Almost sure convergence and bounded entropy. (English) Zbl 0677.60042

Let (\({\mathcal X},\mu)\) be a probability space, \(S_ n\) a sequence of operators on \(L^ 2(\mu)\), \(\| S_ n\| \leq 1\), \(T_ j\) a sequence of positive isometric operators satisfying \(T_ j(1)=1\), \(J^{-1}\sum_{j\leq J}T_ jf\to \int f d\mu\) \(\forall f\in L^ 1\) and \(T_ jS_ n=S_ nT_ j\). Using the theory of Gaussian processes it is proved that if \(S_ nf\) converges almost surely for all \(f\in L^ p\), \(p<\infty\) \((p=\infty)\), then there is a uniform entropy estimate: \(\delta (\log N_ f(\delta))^{1/2}<C,\) \(\delta >0\) \((N_ f(\delta)\leq C(\delta))\) for all \(f\in L^ 2\), \(\| f\|_ 2\leq 1\). \(N_ f(\delta)\) denotes the number of \(\delta\)-balls needed for covering \(\{S_ nf\), \(n\in {\mathbb{N}}\}.\)

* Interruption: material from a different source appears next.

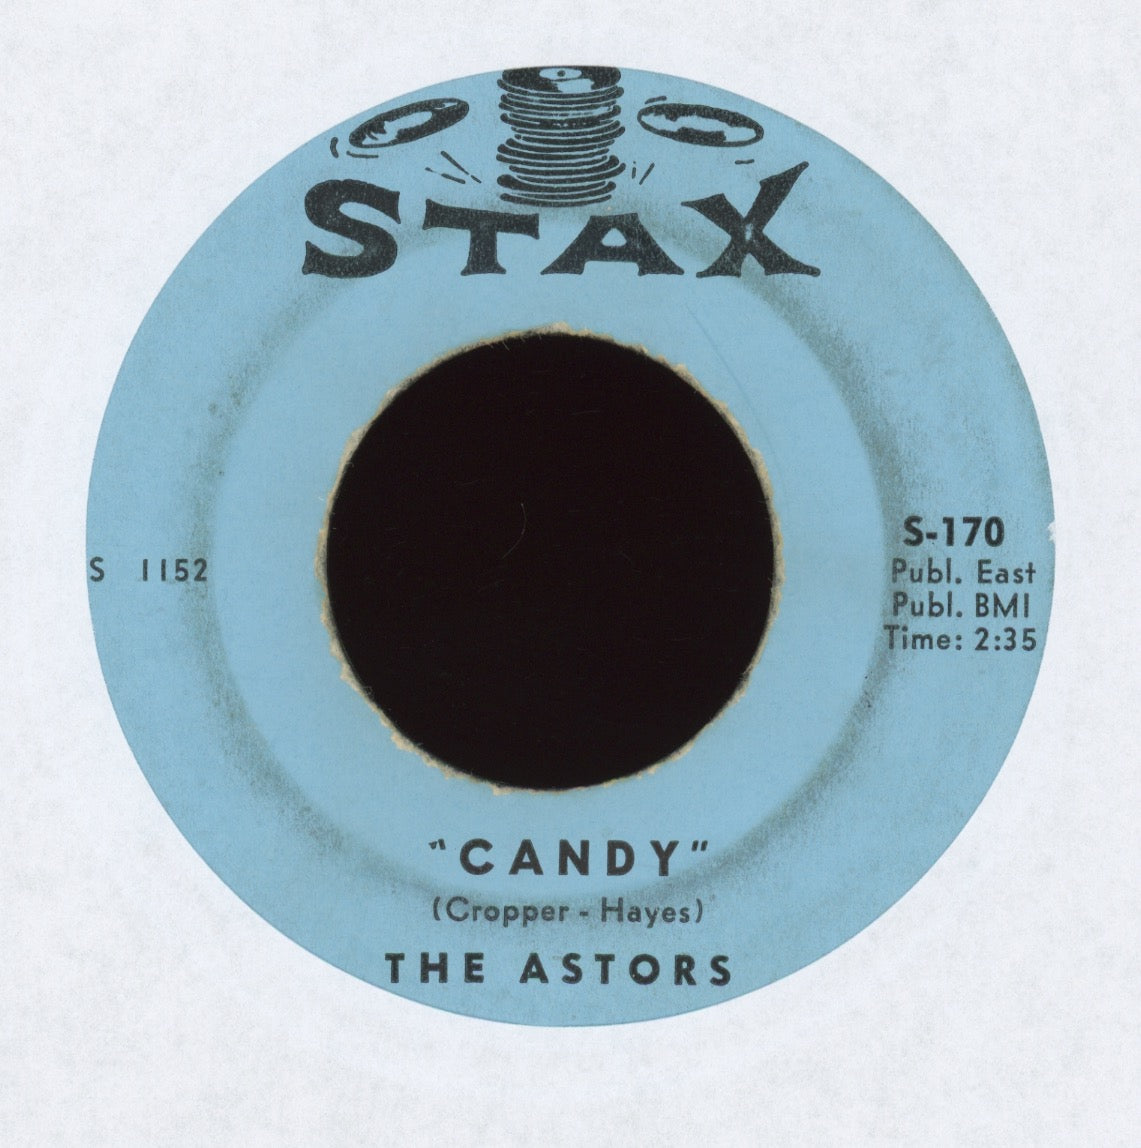 The Astors - Candy on Stax

As a consequence one obtains new proofs for Rudin’s solution of the Marcinkiewicz-Zygmund problem for Riemann sums [W. Rudin, Proc. Am. Math. Soc. 15, 321-324 (1964; Zbl 0132.036)], or Marstrand’s negative solution of Khintchine’s conjecture. Even a weaker version of Khintchine’s problem (considered by Erdős) is disproved. It follows even more generally that for any sequence of decreasing numbers \(\lambda_ j>0\), \(\sum \lambda_ j=\infty\), there is a function \(f\in L^{\infty}({\mathbb{R}}/{\mathbb{Z}})\) such that \((1/\sigma_ n)\sum_{j\leq n}\lambda_ jf(jx)\) does not converge almost surely \((\sigma_ n=\sum_{j\leq n}\lambda_ j).\)

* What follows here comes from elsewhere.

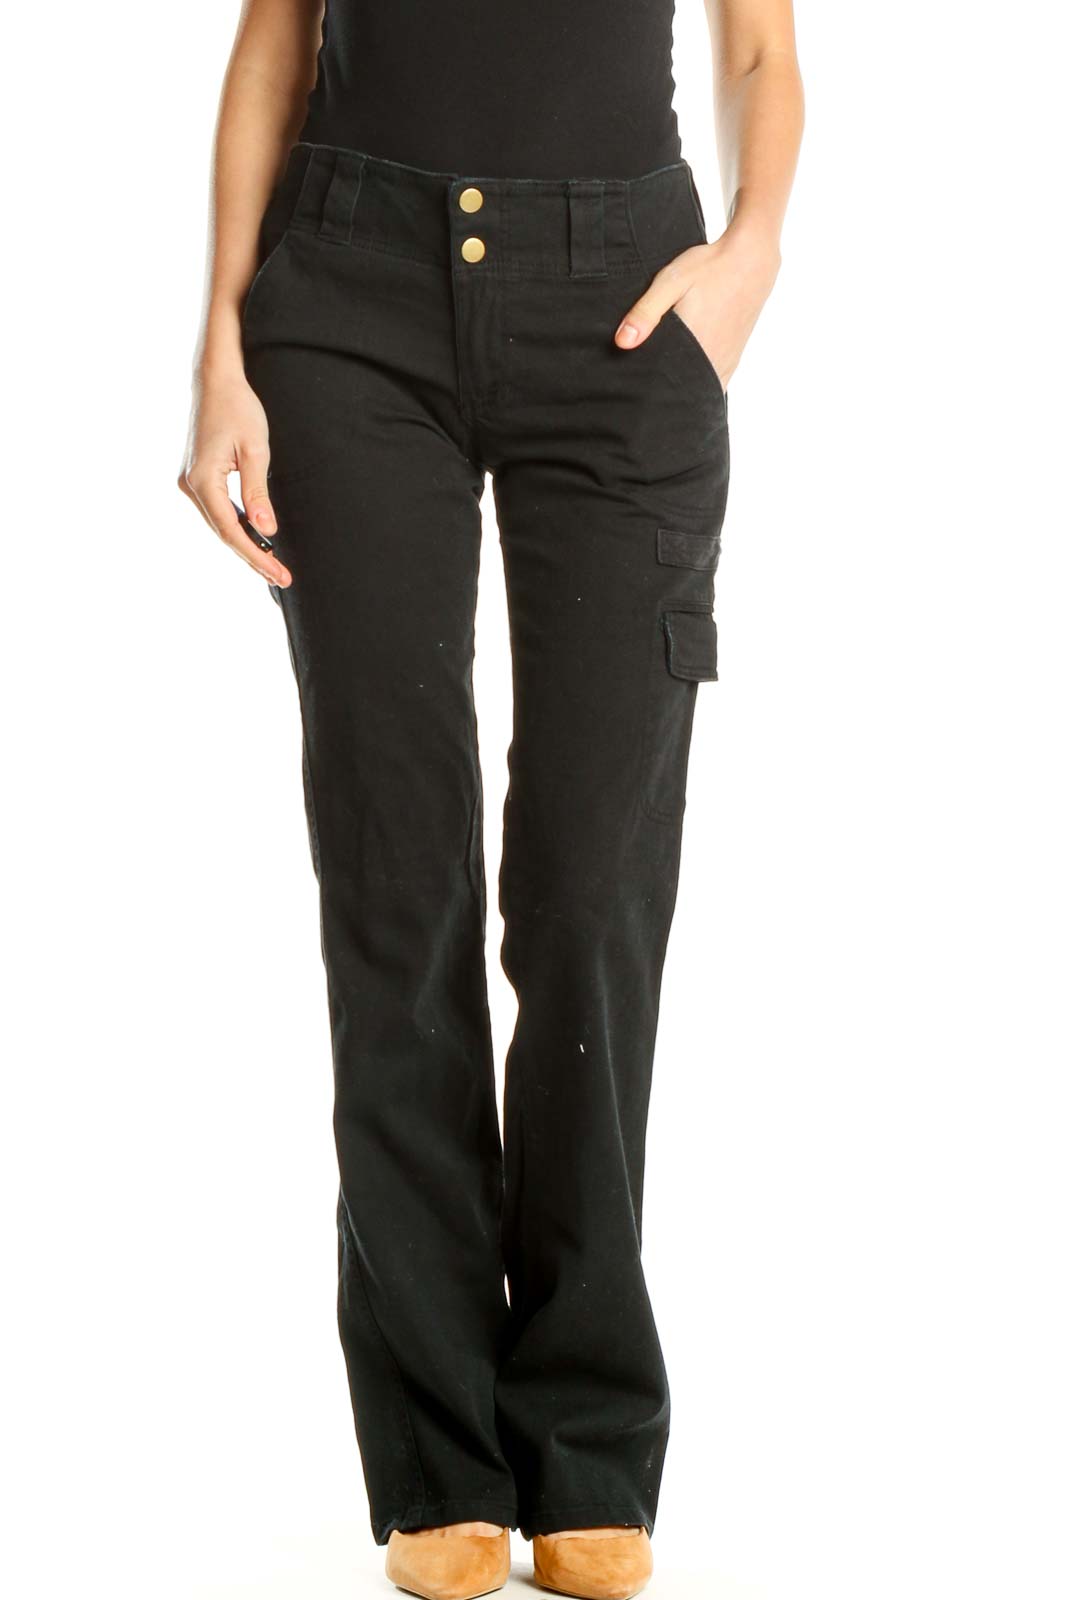 Black All Day Wear Pants Front

As a further application one obtains an affirmative answer to a question of A. Bellow, Two problems. Measure theory, Proc. Conf., Oberwolfach 1981, Lect. Notes Math. 945, 429 (1987): Let \((a_ j)\) be any sequence converging to 0 \((a_ n\neq 0\) \(\forall_ j)\). Then there exists \(f\in L^ 1({\mathbb{R}}/{\mathbb{Z}})\) (f can be even choosen to be the characteristic function of a measurable set) such that \(n^{- 1}\sum_{j\leq n}f(x+a_ j)\) does not converge to f almost everywhere.
Reviewer: H.Rindler


60G15 Gaussian processes
22D40 Ergodic theory on groups
28D20 Entropy and other invariants
11K06 General theory of distribution modulo \(1\)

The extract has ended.